Recently, DuckDB team raise similar question on DataLake catalog format. Why not just use SQL database for that ? It's simpler and more efficient as well.

conorbergin · 53m ago
I've being trying out SQLite for a side project of mine, a virtual whiteboard, I haven't quite got my head around it, but it seems to be much less of a bother than interacting with file system APIs so far. The problem I haven't really solved is how sync and maybe collaboration is going to interact with it, so far I have:

1. Plaintext format (JSON or similar) or SQLite dump files versioned by git

2. Some sort of modern local first CRDT thing (Turso, libsql, Electric SQL)

3. Server/Client architecture that can also be run locally

Has anyone had any success in this department?

rogerbinns · 33m ago
SQLite has a builtin session extension that can be used to record and replay groups of changes, with all the necessary handling. I don't necessarily recommend session as your solution, but it is at least a good idea to see how it compares to others.

https://sqlite.org/sessionintro.html

That provides a C level API. If you know Python and want to do some prototyping and exploration then you may find my SQLite wrapper useful as it supports the session extension. This is the example giving a feel for what it is like to use:

https://rogerbinns.github.io/apsw/example-session.html

tombert · 12m ago
I remember I played with some software called "The Illumination Software Creator" [1], and I remember the saved project files were just SQLite databases.

I actually thought it was kind of cool, because I was able to play with it easily with some SQLite explorer tool (I forget which one) and I could easily look at how the save files actually worked.

I haven't really used SQLite for anything serious [2], but always found the idea of it kind of charming. Maybe I should dust it off and try it again.

[1] https://en.wikipedia.org/wiki/Illumination_Software_Creator by Bryan Lunduke before I realized how much of a pseudo-intellectual dimwit that he is.

[2] At least outside of the "included" database in a few web frameworks.

RainyDayTmrw · 57m ago
Juggling all the fragments inside the database, garbage collecting all the unused ones, and maintaining consistency are all quite challenging in this use case.
supportengineer · 1h ago
What if instead of API's for data sets, we simply placed a sqlite file onto a web server as a static asset, so you could just periodically do a GET and have a local copy.
yupyupyups · 1h ago
This works as long as the data is "small" and you have no ACL for it. Assuming you mean automatic downloads.

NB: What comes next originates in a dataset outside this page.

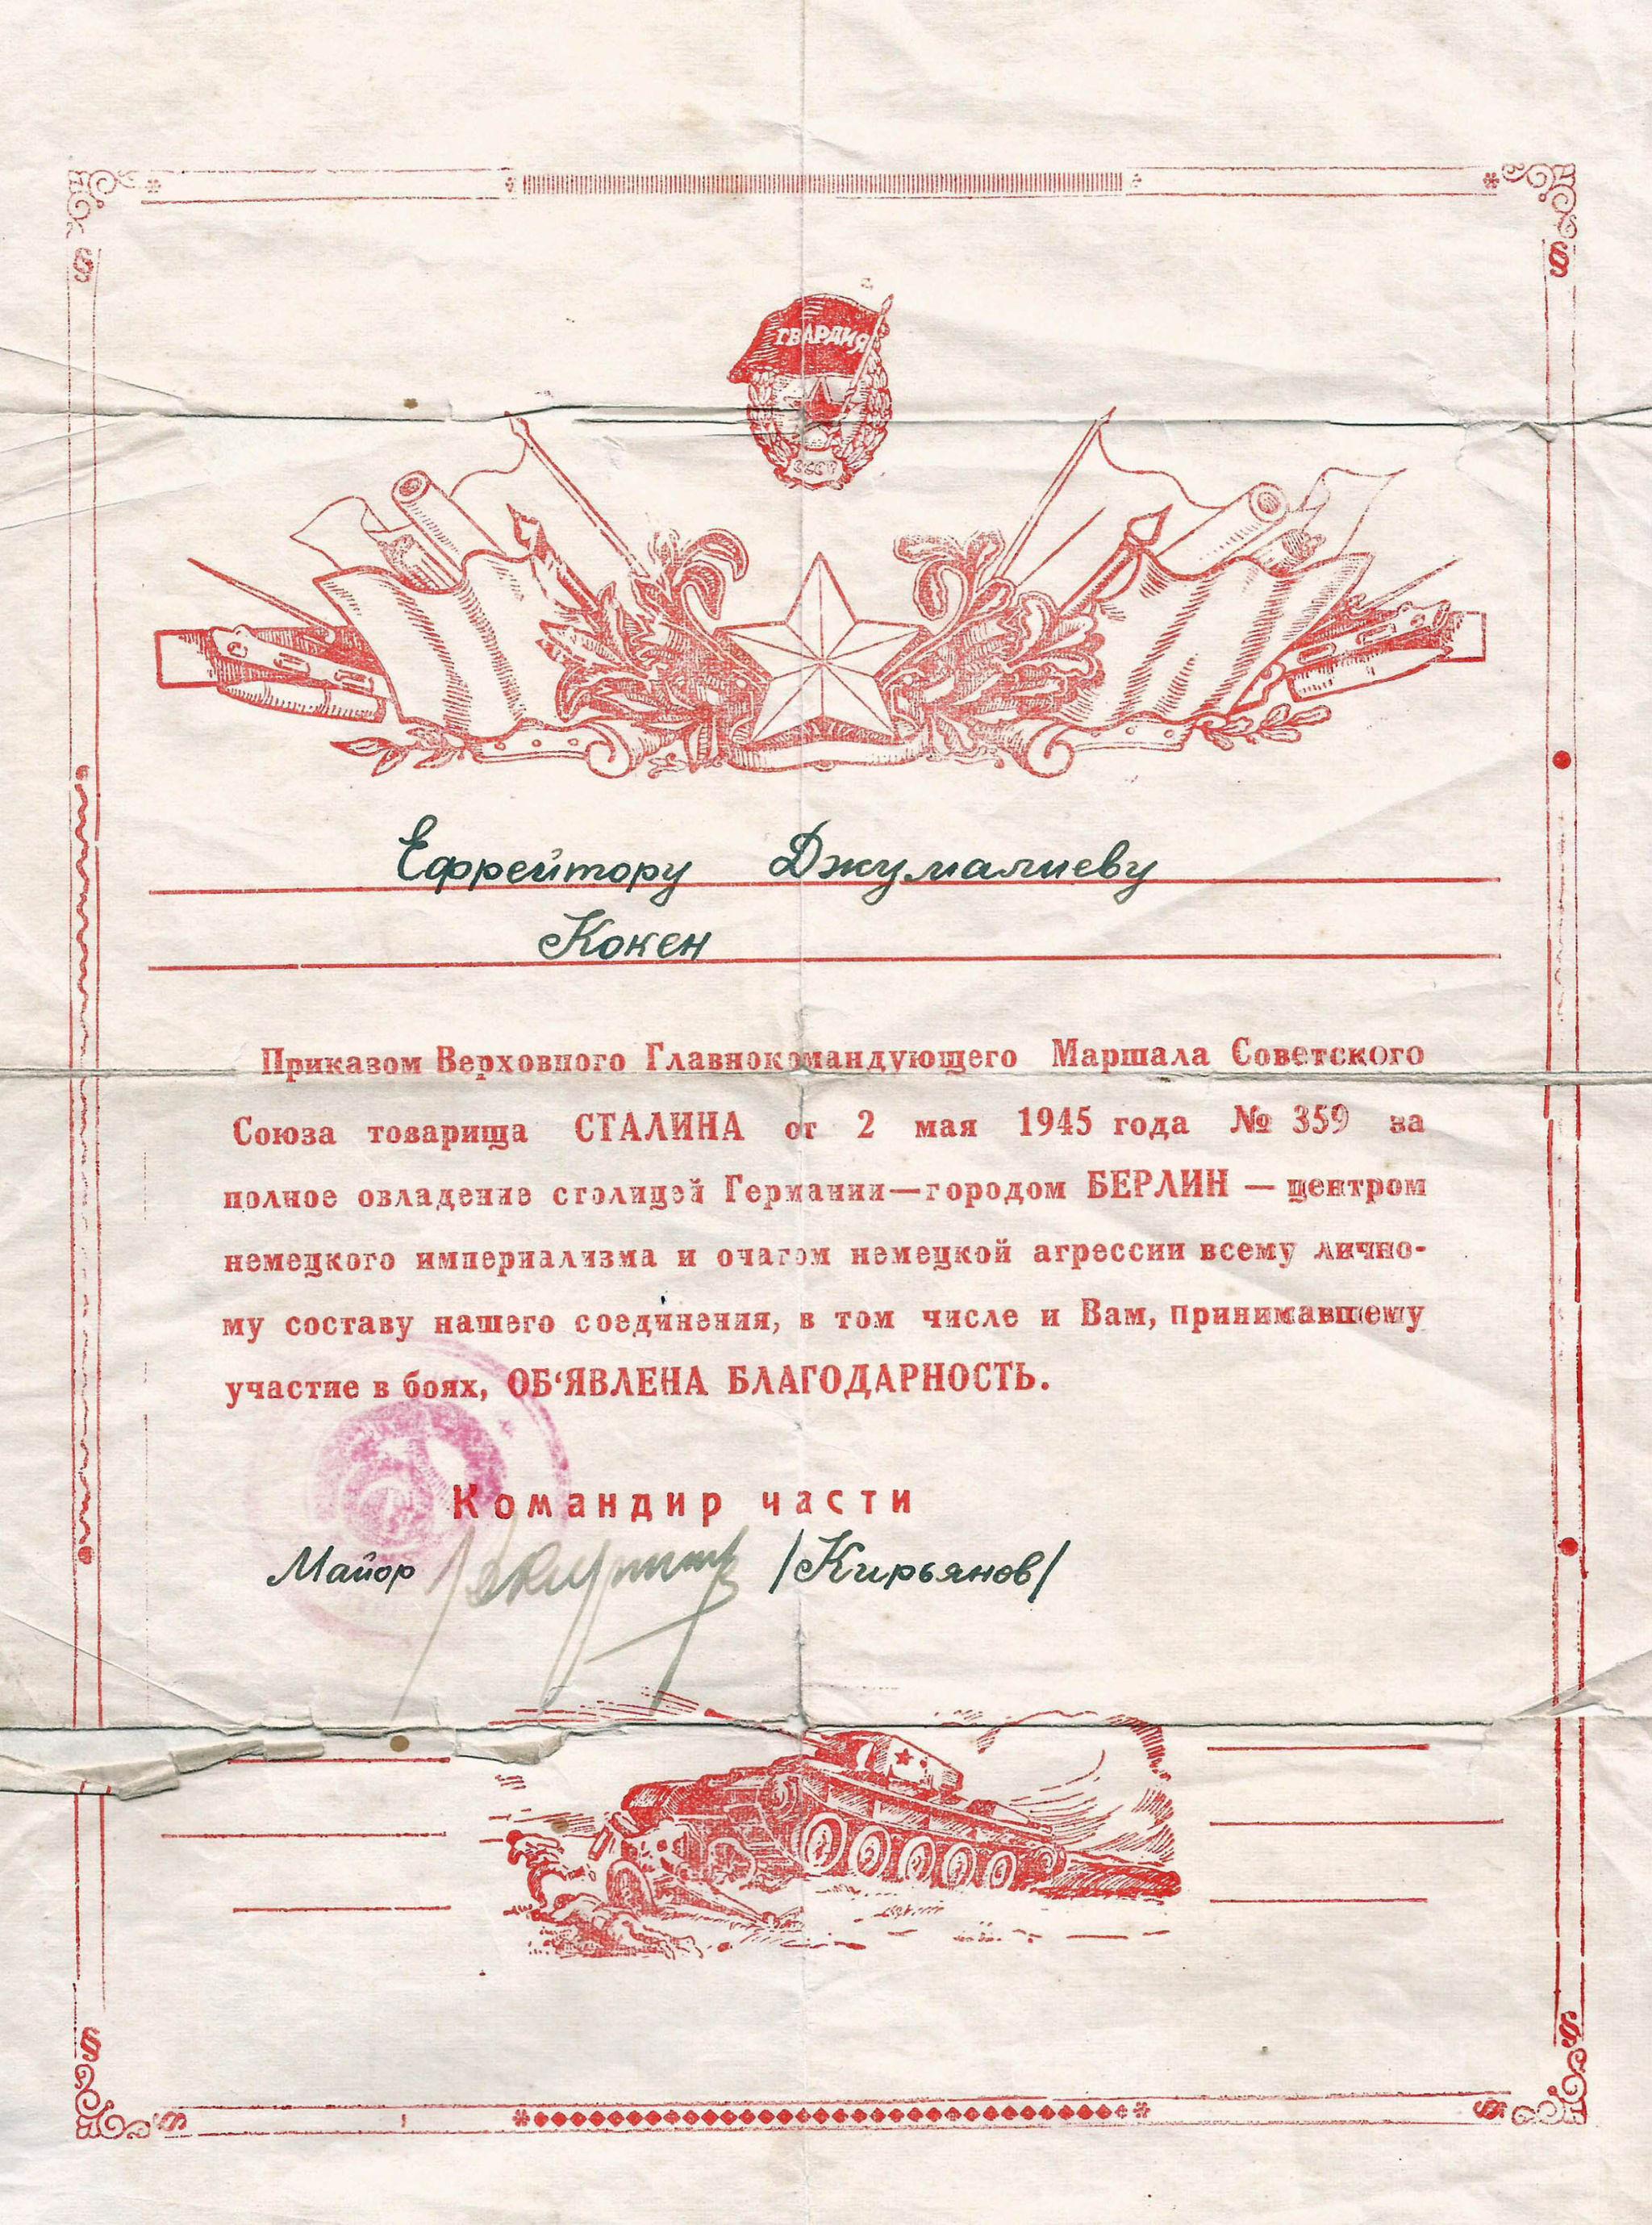 Благодарность ефрейтору Джумалиеву Кокену от Генерального секретаря ЦК ВКП(б) Иосифа Сталина

Devdocs does something similar, but there you request to download the payload manually, and the data is still browsable online without you having to download all of it. The data is also split in a convenient manner (by programming language/library). In other words, you can download individual parts. The UI also remains available offline, which is pretty cool.

https://devdocs.io/

abtinf · 1h ago
A few years ago someone posted a site that showed how to query portions of a SQLite file without having to pull the whole thing down.
dbarlett · 1h ago
supportengineer · 39m ago
>> I implemented a virtual file system that fetches chunks of the database with HTTP Range requests

That's wild!

abtinf · 1h ago
With an S3 object lambda, I suppose you could generate the sqlite file on the fly.
anon291 · 1h ago
You can do this today by using the WASM-compiled SQLite module with a custom Javascript VFS that implements the SQLite VFS api appropriately for your backend. I've used it extensively in the past to serve static data sets direct from S3 for low cost.

More industrious people have apparently wrapped this up on NPM: https://www.npmjs.com/package/sqlite-wasm-http

librasteve · 1h ago
wouldn’t an XML database be easier?
duskwuff · 1h ago
You can't* index into XML. You have to read through the whole document until you get to the part you want.

*: without adding an index of your own, at which point it isn't really XML anymore, it's some kind of homebrew XML-based archive format.

floating-io · 1h ago
Does an embeddable XML database engine exist at a similar level of reliability?
supportengineer · 1h ago
No.
renecito · 1h ago
LOL!
mac-attack · 1h ago
I'm a fan of both as a Linux user. Interesting thought experiment.